Hello. I have been looking for a revolver (my first) for quite a while. A friend at work has a .41 Magnum Blackhawk with a Bianchi holster and about 100 rounds of ammo that he is asking $300 for. It is in very good shape and shoots well. I was originally in the market for a .357, but this has peaked my interest. I am wanting it for hunting (white tail deer), home defense, and minor plinking. Just curious how good or bad of a deal this is and how well this might fit what I am wanting it for. Used guns in my area don't go very cheap (that I have seen) and selection tends to be limited. Thanks in advance for the help.


----------



## Charlie (May 13, 2006)

Sounds like a heck of a deal. Jump on it for deer hunting for sure. Plinking might be a little expensive if you don't reload..........and for self defense..........I'd sure hate to get shot with one. I think the ballistics are a little better than 10 mm. :smt033


----------



## Baldy (Jun 21, 2006)

That is a very good deal and the .41 mag is a great caliber for deer and hogs. If you don't want it send him my way. Good luck.


----------



## big dutchman (Jan 9, 2007)

even though it plinking will be expensive compared to the 357, you can't beat a price like that. from what i hear, the 41mag is just a slightly tamed down 44mag. should be more than enough for deer, needless home defense. the only concern i would have is the popularity of the caliber. i've run into problems finding what i want in ammunition that isn't 'run of the mill'. if you reload, no problem. if you buy off the shelf like me, check out your local suppliers before buying an less common caliber.


----------



## Ruger71 (Jan 15, 2007)

Thanks for the help. I thought that it was a good price but I have been wrong before. If he didn't swap it this weekend I'll see what I can get done. 

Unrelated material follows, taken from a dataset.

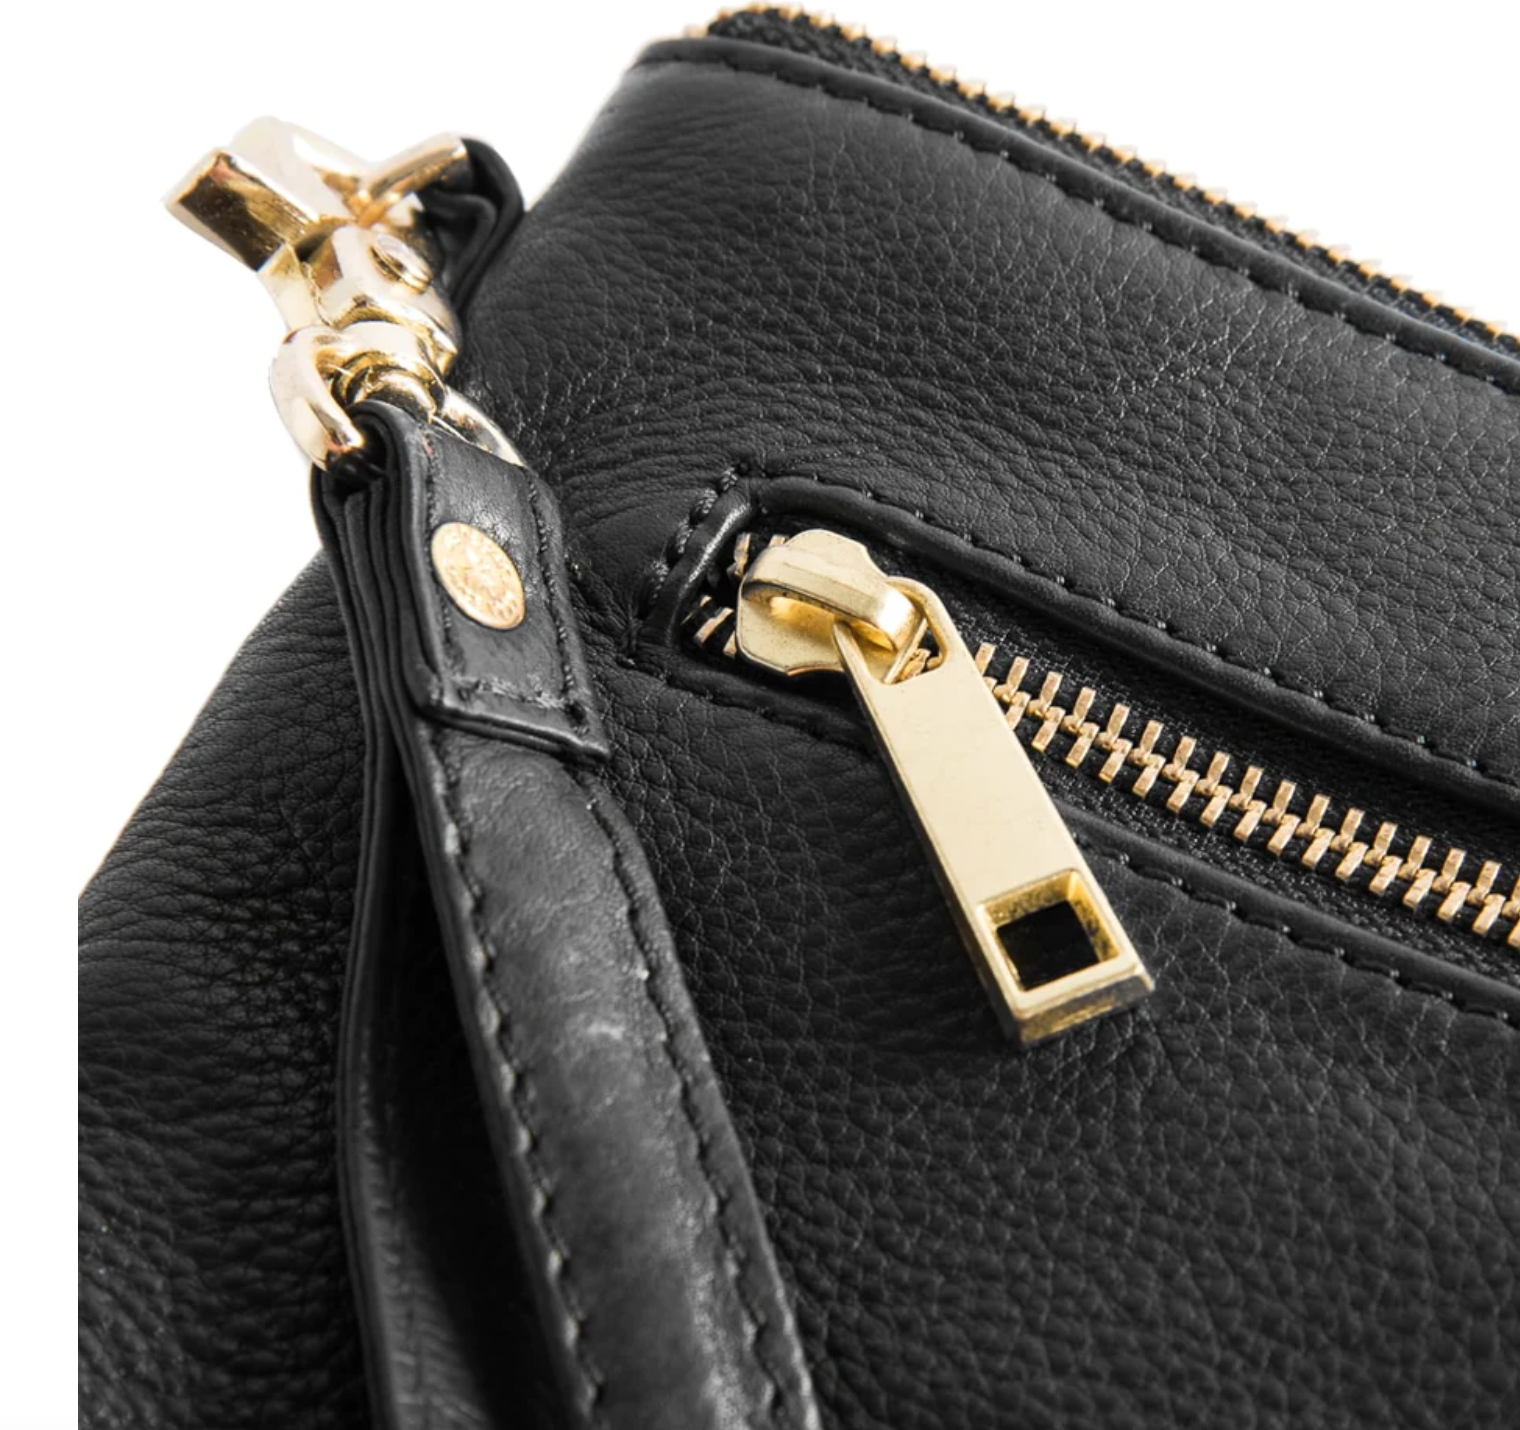 Depeche Small Bag – Saretta Boutique 1

I don't reload (yet) but might in the future if I really get into targets. I'm thinking a .22 might be in order just for that. Thanks again.


----------



## Baldy (Jun 21, 2006)

That's a good reason to get into reloading. Buy it because that is a great deal and it gives you an excuse to start reloading. Good luck.


----------



## Ruger71 (Jan 15, 2007)

:smt076 I was a day late. He traded it off yesterday.

Oh well, guess I'll keep looking.


----------



## jpruett79 (Sep 23, 2006)

:smt022 I love my 41. and wouldn't give it up but i will admit i do run into problems finding ammo without reloading. If you want something to shoot a lot you may be better of with a 357 cause when you are at the range you can use 38s but when you need a little more you have it.


----------